Isis didn’t know what to believe.
Traffic came to a sudden crawl. An accident involving three cars and a herd of camels blocked most of the road. While the men and the camel owners argued loudly and gestured with swinging arms and waving hands at one another, all the cars pressed into one narrow channel, bumpers kissing as they wound around the melee. An errant camel swung its back end into the roadway, nearly blocking their progress. Thorne stomped on the brakes, forcing Isis to brace herself against the cracked vinyl dashboard.
“A spy?! Seriously? So all this running, chasing, shooting, beating people to a pulp is child’s play to you?”
He cursed under his breath and locked gazes with her for a moment. The intensity stole the air from her lungs.
“It’s never child’s play, and I’m not here in that capacity.”
“Well, actually, you are,” she pointed out—reasonably, she thought—“since we’ve done little else besides running and shooting since we got here. Is that how you hurt your leg?”
“Do you ever stop asking questions?”
“As soon as I get answers. That usually shuts me up for a while.”
“Describe Dylan.” His tone was curt, short, all business.
A spy, for God’s sake. It was hard to wrap her brain around that. “He’s about five eight. Shou
lder-length caramel-colored hair, he favors ponytails—says it’s sexy—has light brown eyes—”
“What the hell kind of color is ‘caramel’?” he demanded, easing onto the verge and navigating past the stalled cars, animals, and wandering people by driving off the road and onto the sand.

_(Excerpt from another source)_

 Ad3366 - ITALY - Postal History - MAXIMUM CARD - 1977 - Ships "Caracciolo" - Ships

“A warm brownish blond. I have a picture if you—”
He held out an imperious hand. He didn’t snap his fingers. That was implied. With a sigh Isis got her phone out of her bag,
She scrolled through the images, then placed the phone in his hand.
“I saw this guy twice,” he said. “Yesterday at the airport, and today as we were walking to your friend’s shop.”

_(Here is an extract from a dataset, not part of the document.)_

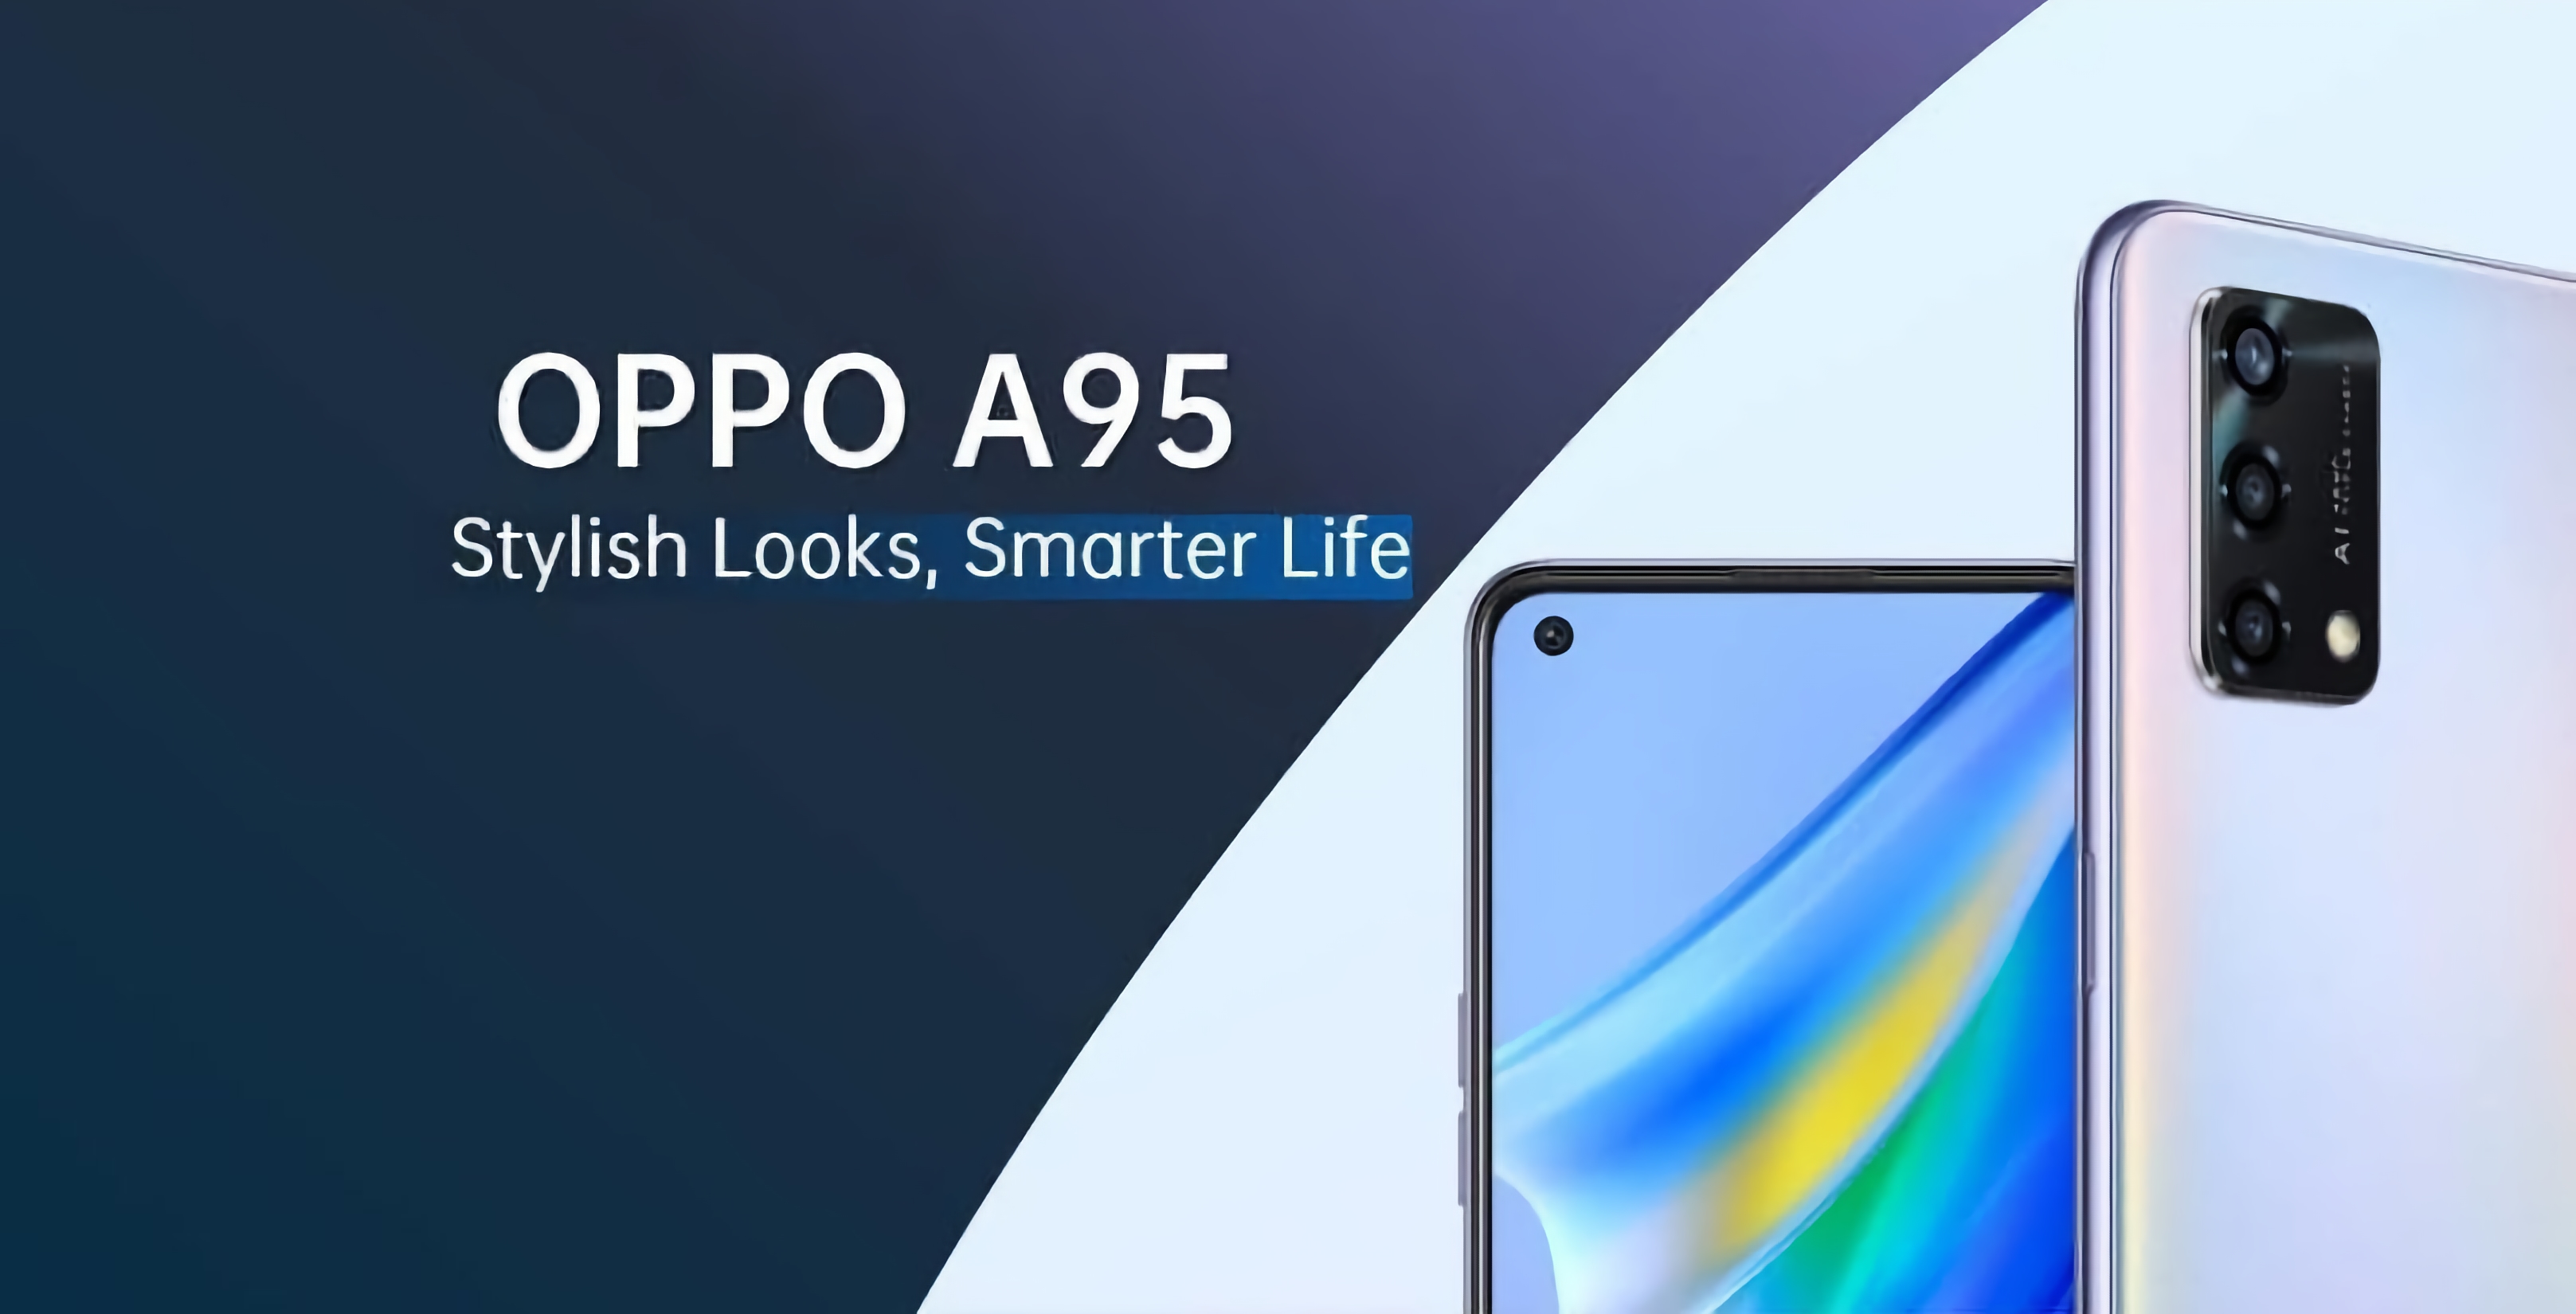 OPPO A95 mit Snapdragon 662 Chip, 5000mAh Akku und 33W Schnellladung wird diesen Monat vorgestellt

“You think he followed us.” It wasn’t a question. If Thorne had seen the car, it had followed them. She was just giving herself time to assimilate all the information.
Thorne’s grip on the wheel turned white-knuckled, as if it were that or throw a punch at someone. His gaze flicked up to the rearview mirror and he frowned. “I don’t think it. Does he know about these cryptic clues of your father’s?”
“I shouldn’t think so. My father was really paranoid someone would beat him to the punch. He trusted Dylan more than he did most people, but much as I love my father, he’s a pretty selfish guy. I don’t think he would’ve told even Dylan about the clues.”
“Why wasn’t the professor’s assistant with him when he discovered the tomb?” Thorne navigated a small herd of goats and a woman standing on the roadside watching the cars inch by. A seven-minute trip had so far taken twenty.
The heat made her back sweat, and her shirt stuck to the hot vinyl seats. The cheap cotton T-shirt was probably staining her sweaty skin Halloween orange by now. She didn’t know how Thorne normally got answers out of people, but she had the distinct feeling he was grilling her. “How do you know he wasn’t?”
The hard, piercing gaze was back, reaching in, stripping her down to her bare bones. The look said he wanted answers and he’d wring them out of her one way or the other. “You said your father was the only one left alive.”